6. The Chelsea Hotel
6. Brendan Behan wrote this dedication to his Brendan Behan’s New York while living at the Chelsea Hotel, 222 West 23rd St. “To America, my new-found land: the man that hates you hates the human race.”
Leonard Cohen’s famous song, written about his affair with Janis Joplin, floated in my mind. A thousand years ago I lived at this hotel in New York City and…just let his voice transport you. I spent hours at the Chelsea Hotel when I was young imagining Leonard and Janis while I was supposed to writing. But I also wrote. I stayed up all night with the ghosts and living people, writing. I write every day. It’s how I think. It’s how I make sense of having arrived in this world at all.
I remember you well at the Chelsea Hotel. You were famous, your heart was a legend. You told me once again you preferred handsome men, but for me you would make an exception. And clenching your fists for the ones like us who are oppressed by the figures of beauty, you fixed yourself, you said, well, never mind. We are ugly, but we have the music.
I vividly remember the night I started fantasizing about becoming a writer. My father and another writer gave a reading in the West Village. I was too young to attend and so was the other writer’s daughter but they let us go anyway. The event took place in a small theatre. We were to remain hidden above, on a balcony where two costume racks were loaded with outrageous textiles, texture, sparkle and weave. At one point while my father was reading, I couldn’t hear what he was saying but I felt it in my bones when the audience all leaned forward in their chairs at the same time.
“I’m going to be a writer,” I said, mouthing the words to the girl and pointing at myself.
I have not seen this girl, Mora, since childhood. In writing this I wondered what became of her. I nearly fell off my chair when I found out. She is a filmmaker. Here she is talking about her film, Zipper, at Sundance, and what it means to write strong female characters who are diverse, human and, the interviewer says, nearly siren-like.
“You just have to stay by your vision,” Mora says. “There’s a lot of rejection and strong opinions along the way, but you have to stay true to the story and why you are telling it.”
You have to find something you can obsess about, she says, for many years. It’s like falling in love, you just find that thing you can obsess about over and over.

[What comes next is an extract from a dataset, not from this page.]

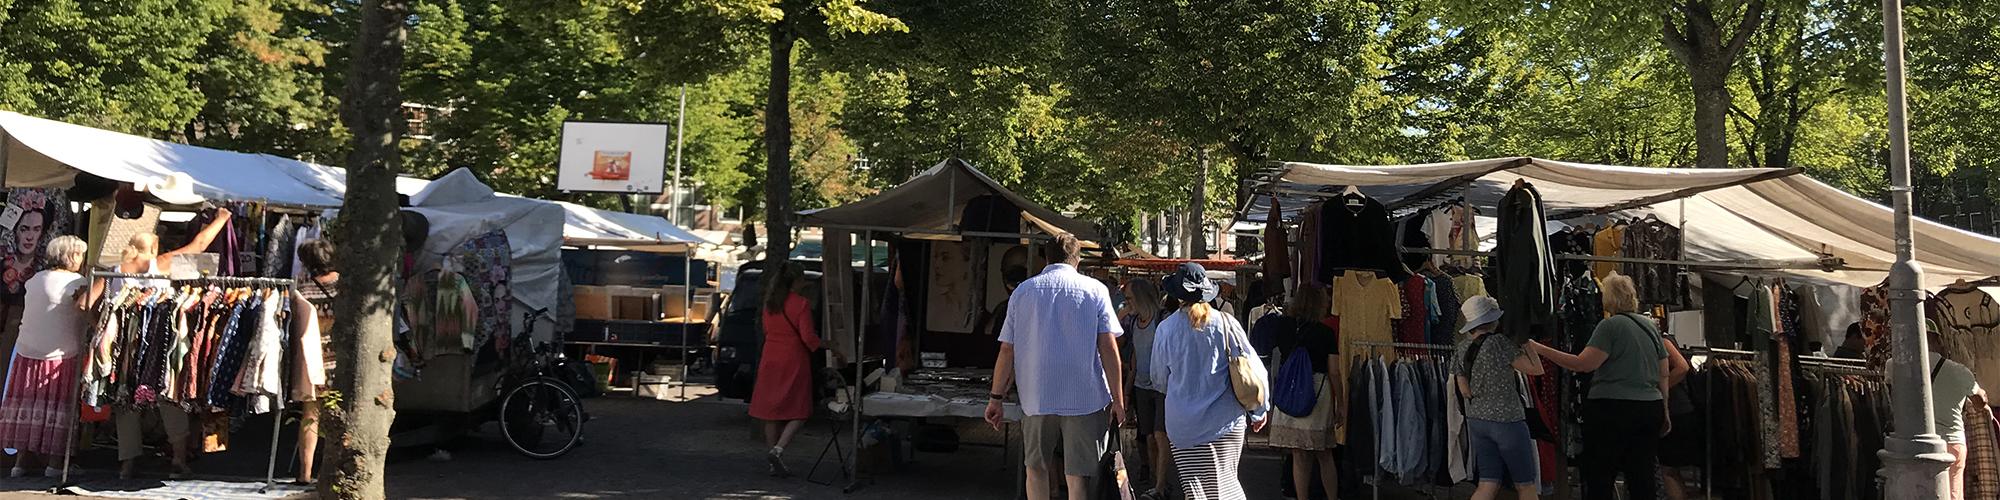 https://www.noordermarkt-amsterdam.nl/uploads/images/fotostroke/Noordermarkt-2.jpg
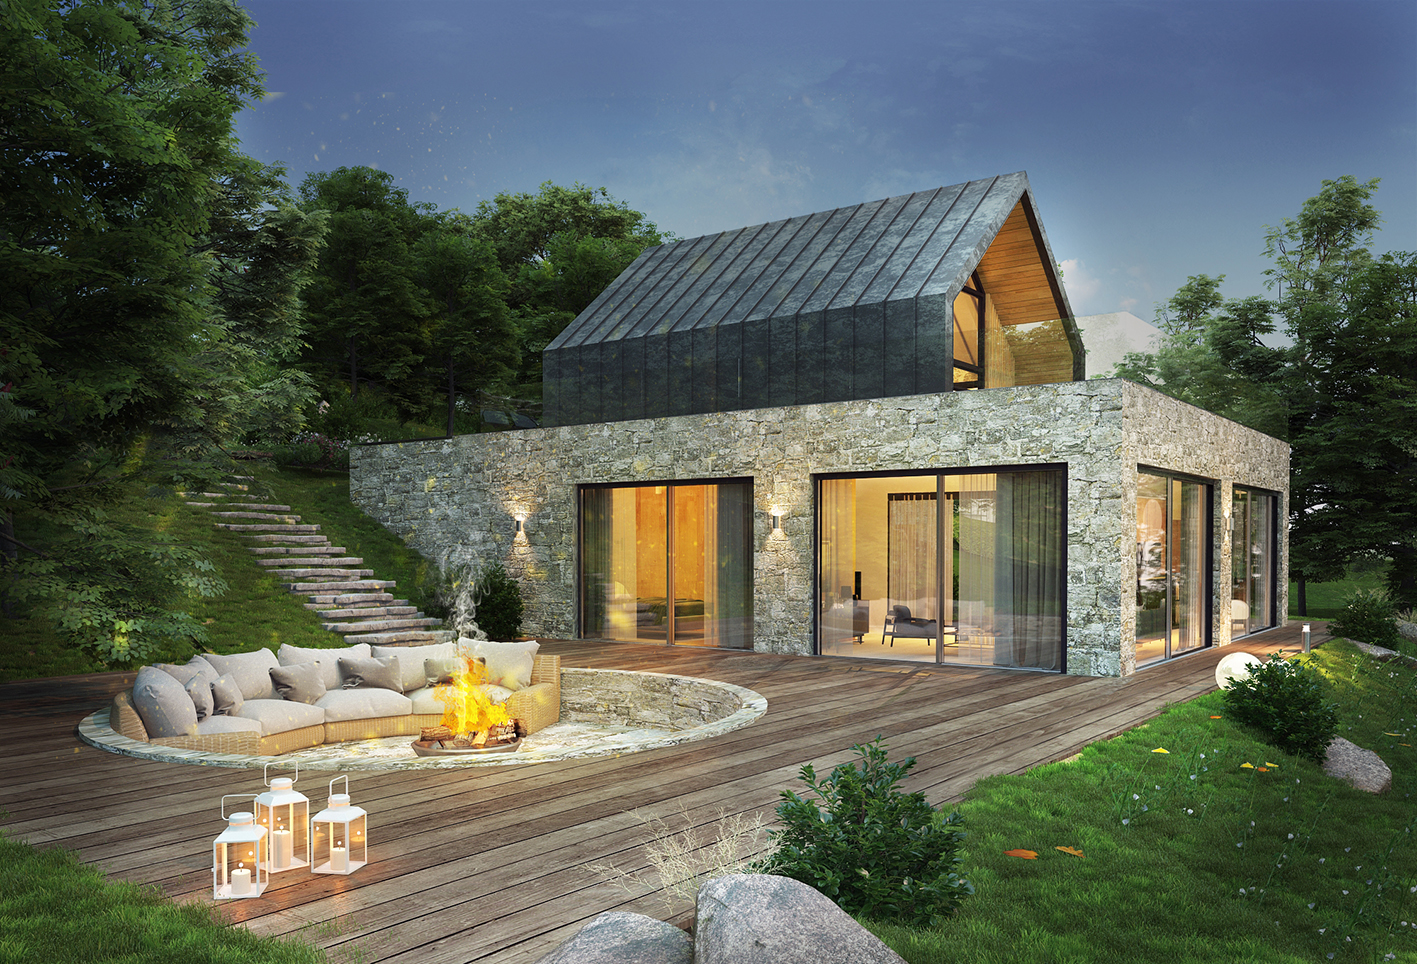 kuće koje nam se sviđaju.. - Page 5 Forest-house-modern-hills-architecture-beautiful-nature

On this night when I hid with Mora, I saw the Chelsea Hotel for the first time. The outside is covered with plaques commemorating famous writers and the works they produced there. The pinnacle of literary stardom, I thought, was a plaque on the front of the building where a book was written. My book. I wanted my name on a plaque, like the Irish poet, short story writer, novelist and playwright Brendan Behan, who was inspired by patriotic ballads and his time in prison. He spent time at The Chelsea Hotel at the end of his life before dying at 41 on March 20, 1964, after collapsing in a bar.
The kind of writer and lifestyle I was taught to romanticize as a child. It takes so many years of adulthood, maybe all of it, just to unlearn what we learned as children.
The Chelsea Hotel has endured years of development hell, a saga that has left a trail of broken hearts in New York. It is still surrounded by scaffolding. I found some gems of wisdom on the wooden partitions.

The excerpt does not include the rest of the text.